Une infirmière âgée m’a ensuite montré des dossiers. La première épouse n’était pas morte dans son lit. Elle était tombée du toit lors d’une crise de somnambulisme. Elle avait survécu à plusieurs incidents similaires auparavant, à chaque fois grâce à la vigilance de quelqu’un qui l’avait rattrapée.

« Il ne la contrôlait pas », dit doucement l’infirmière. « Il la protégeait. »

Lorsque mon mari a été suffisamment rétabli pour rentrer à la maison, il ne s’asseyait plus dans le fauteuil. Il dormait désormais près de la porte, plus loin du lit.

« Tu n’as plus besoin d’être surveillée », m’a-t-il dit.

Mais je le surveillais. Sa maladie s’aggravait. Il était hanté par des cauchemars fiévreux. Je lui tenais la main lorsqu’il murmurait des inepties et suppliait les ombres de ne pas le quitter.

Finalement, la vérité sur mon état a éclaté. Un spécialiste m’a expliqué que mon somnambulisme était lié à un traumatisme d’enfance, enfoui jusqu’à ce que le stress le réveille. Mon mari en avait reconnu les signes bien avant moi.

« Pourquoi ne me l’as-tu pas dit ? » lui ai-je demandé.

« Parce que vous auriez fui », répondit-il doucement.

Quand sa santé s’est à nouveau dégradée, il m’a supplié de partir, de prendre mon père et de tout recommencer. Cette nuit-là, quand il s’est enfin endormi, je me suis assis dans le même fauteuil qu’il utilisait autrefois et je l’ai regardé respirer.
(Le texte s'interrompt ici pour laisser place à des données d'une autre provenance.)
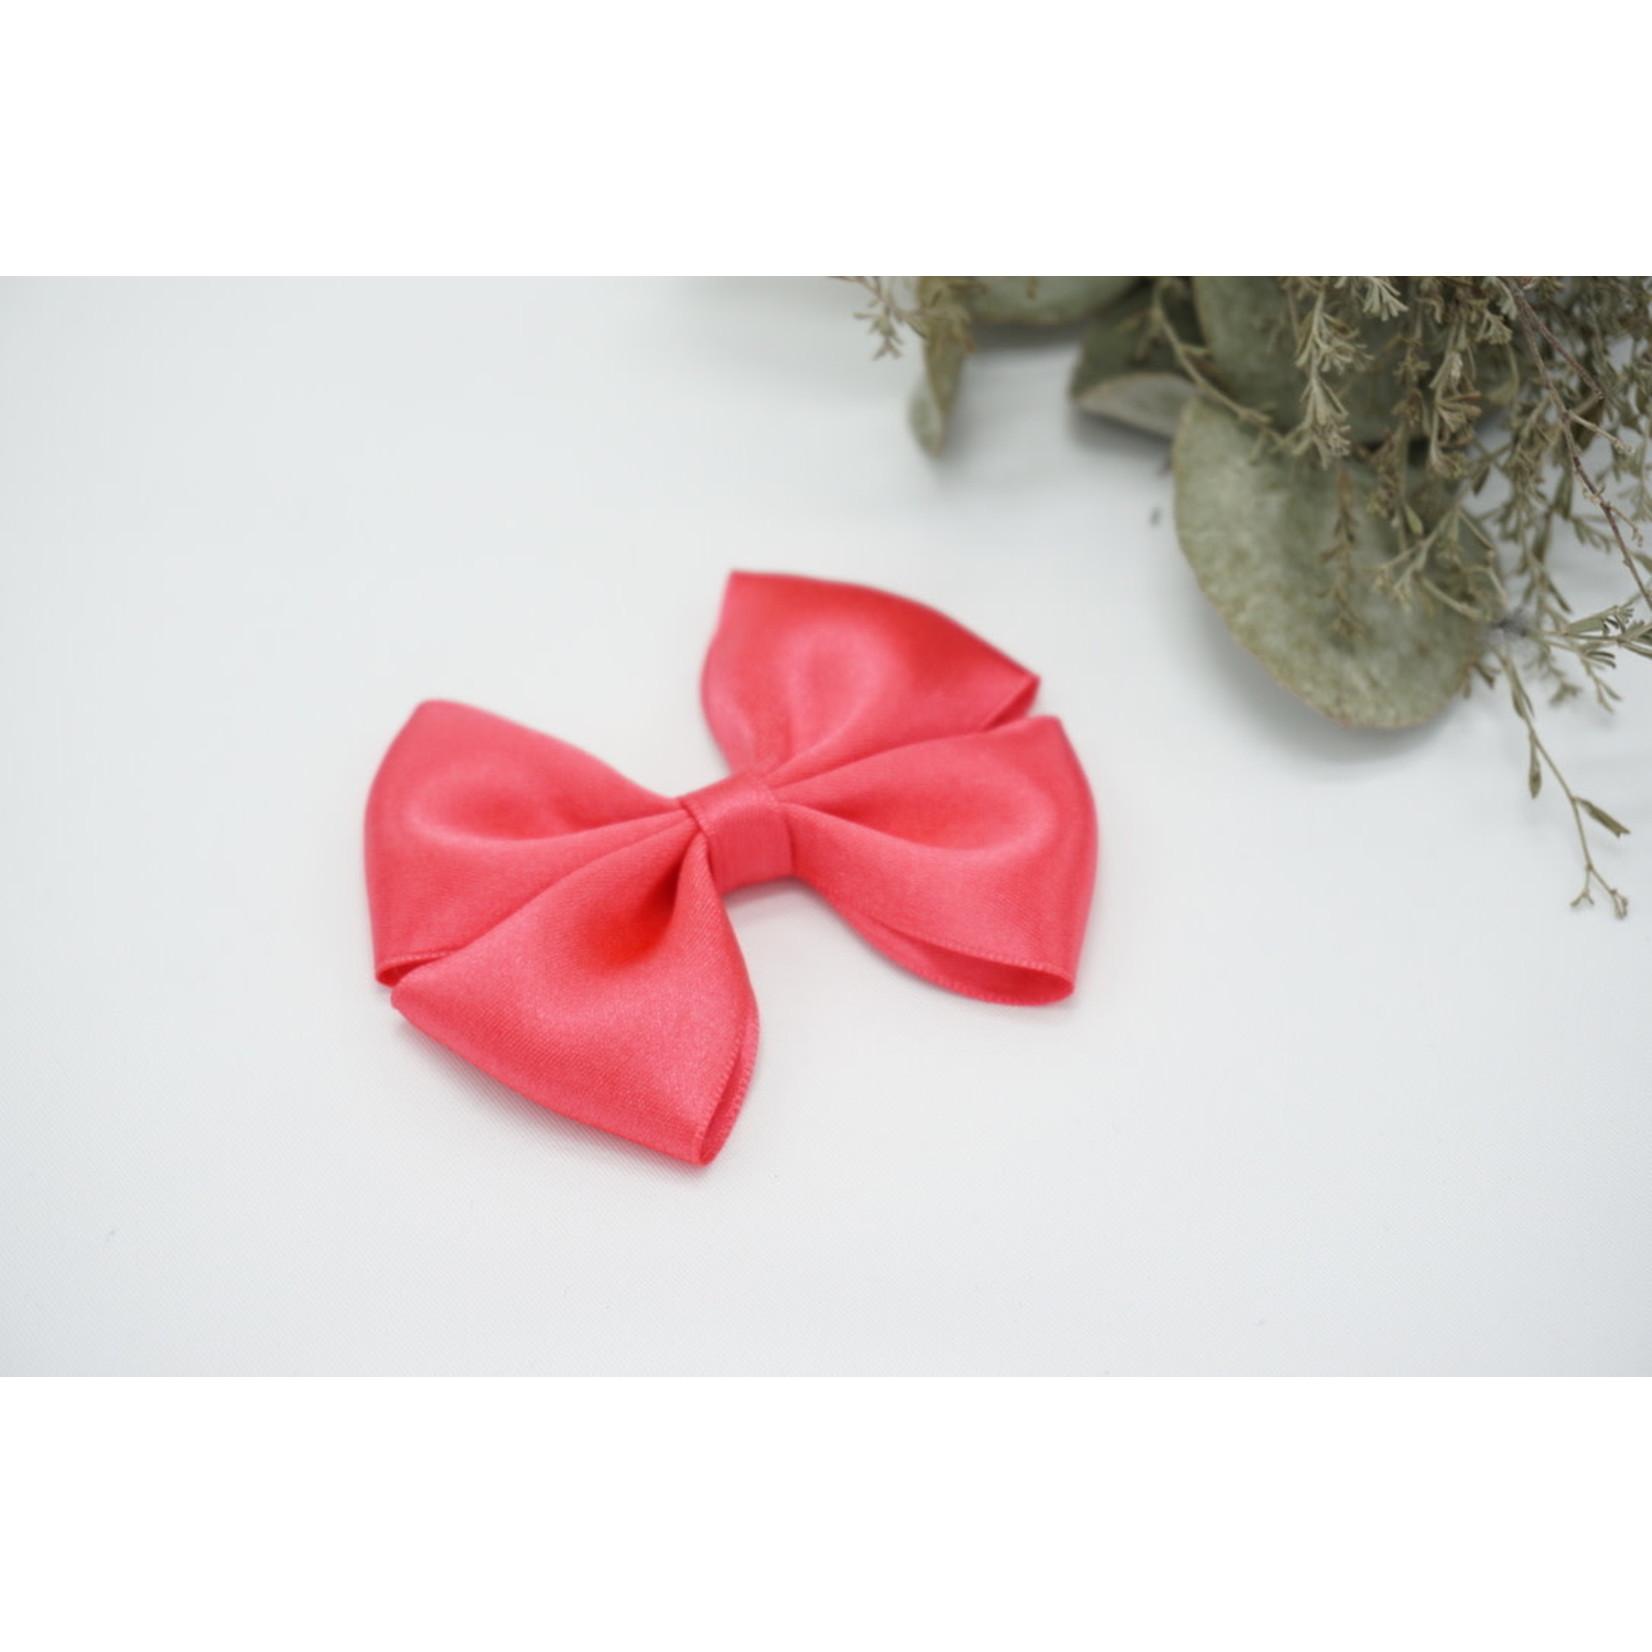 Petite Zara Satin Bow - Indian

Il sourit dans son sommeil.

Le danger n’avait jamais été moi.

Après une opération risquée, il a survécu. Nous avons vendu la maison. Nous avons déménagé dans une petite ville où personne ne nous connaissait. Pas d’alarme. Pas de gardes. Juste un lit et deux personnes qui apprenaient à se reposer ensemble.

Des années plus tard, lorsqu’il s’est éteint paisiblement dans son sommeil, je me suis assis à ses côtés et l’ai veillé jusqu’à la fin. Il n’y avait plus aucune peur. Seulement de la gratitude. Parfois, l’homme qui paraît le plus étrange est celui qui reste éveillé pour que les autres puissent se reposer.